BEGIN

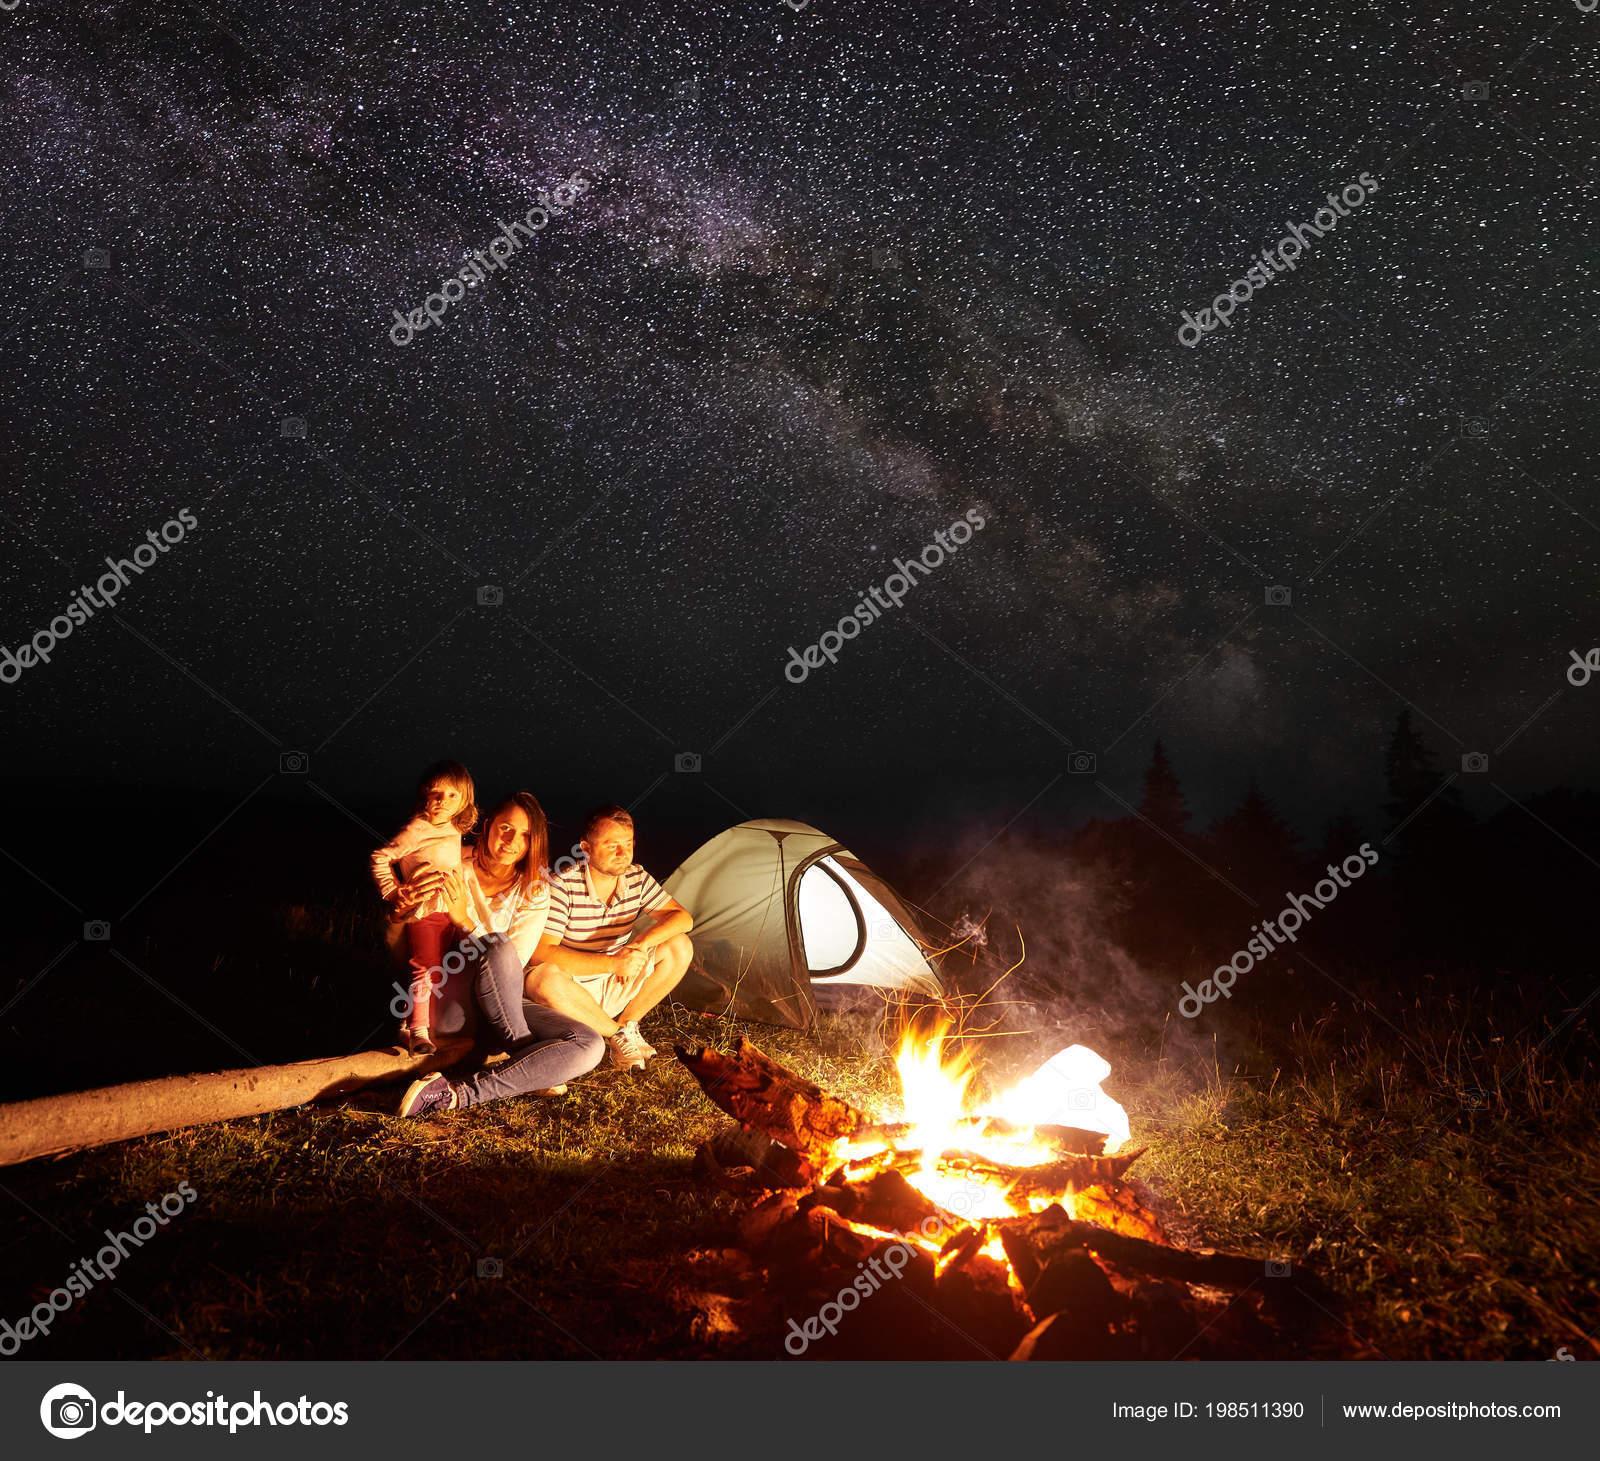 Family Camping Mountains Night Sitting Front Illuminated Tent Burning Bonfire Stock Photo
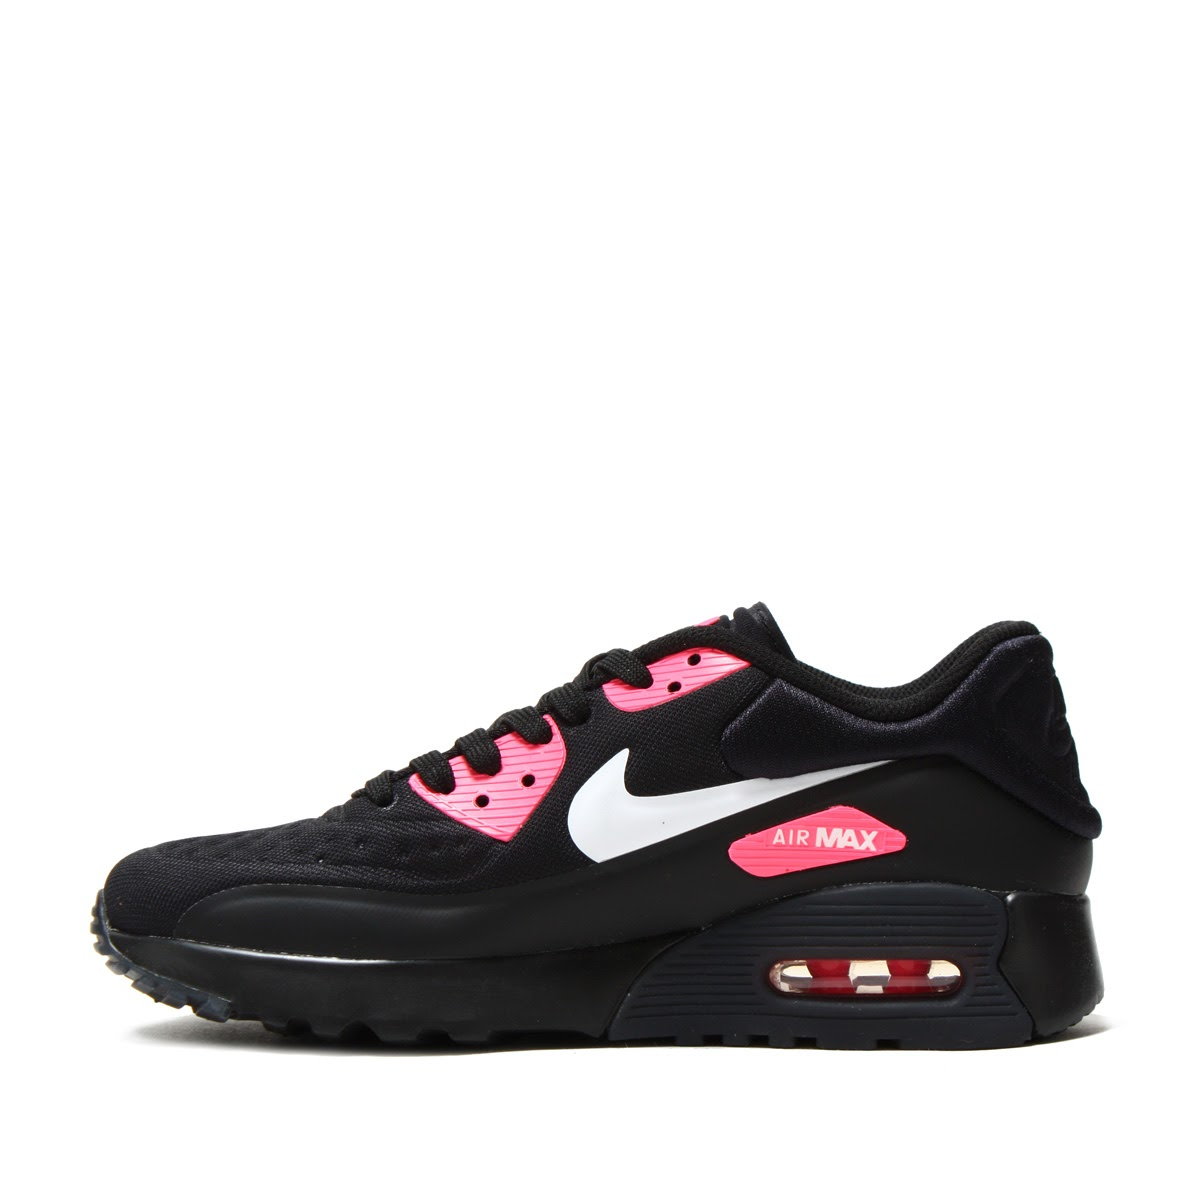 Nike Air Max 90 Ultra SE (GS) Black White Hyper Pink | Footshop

END
BEGIN

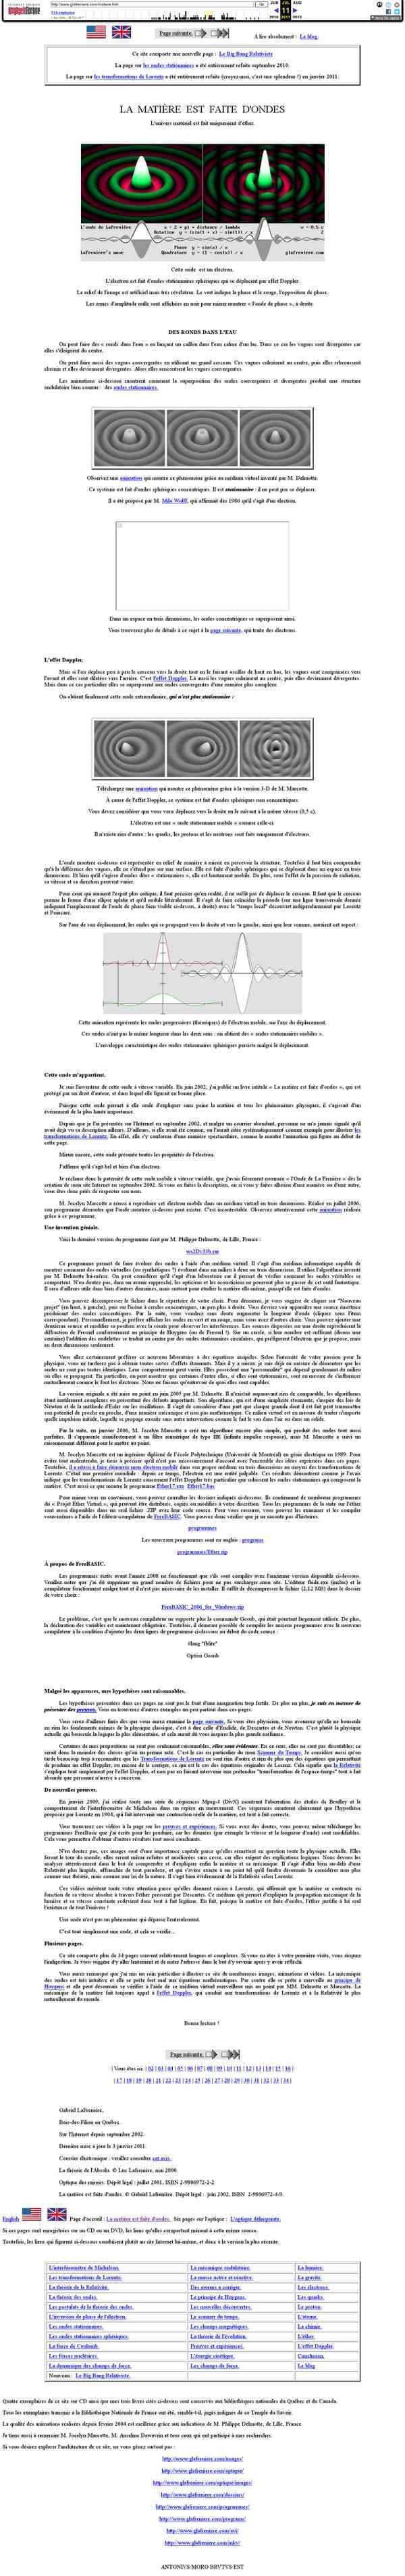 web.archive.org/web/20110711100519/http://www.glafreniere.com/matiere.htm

END
BEGIN

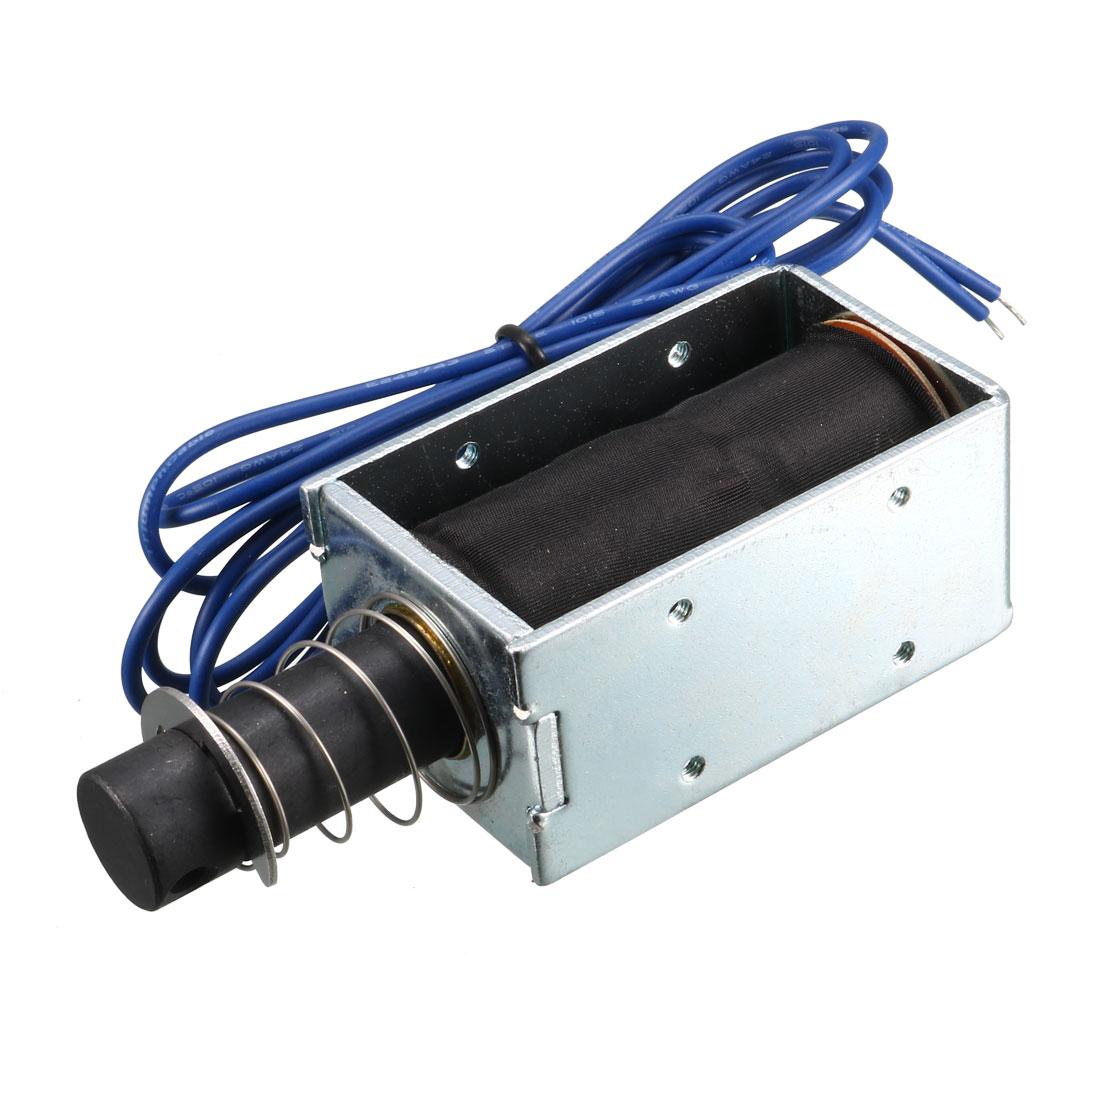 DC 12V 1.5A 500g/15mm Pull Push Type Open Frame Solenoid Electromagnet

END

#### What you will do
Above are the records. Copy word for word only their lines from the one holding "Family Camping Mountains" through the one holding "Nike Air Max", both included, and skip the images.

#### Answer to this problem
 Family Camping Mountains Night Sitting Front Illuminated Tent Burning Bonfire Stock Photo
 Nike Air Max 90 Ultra SE (GS) Black White Hyper Pink | Footshop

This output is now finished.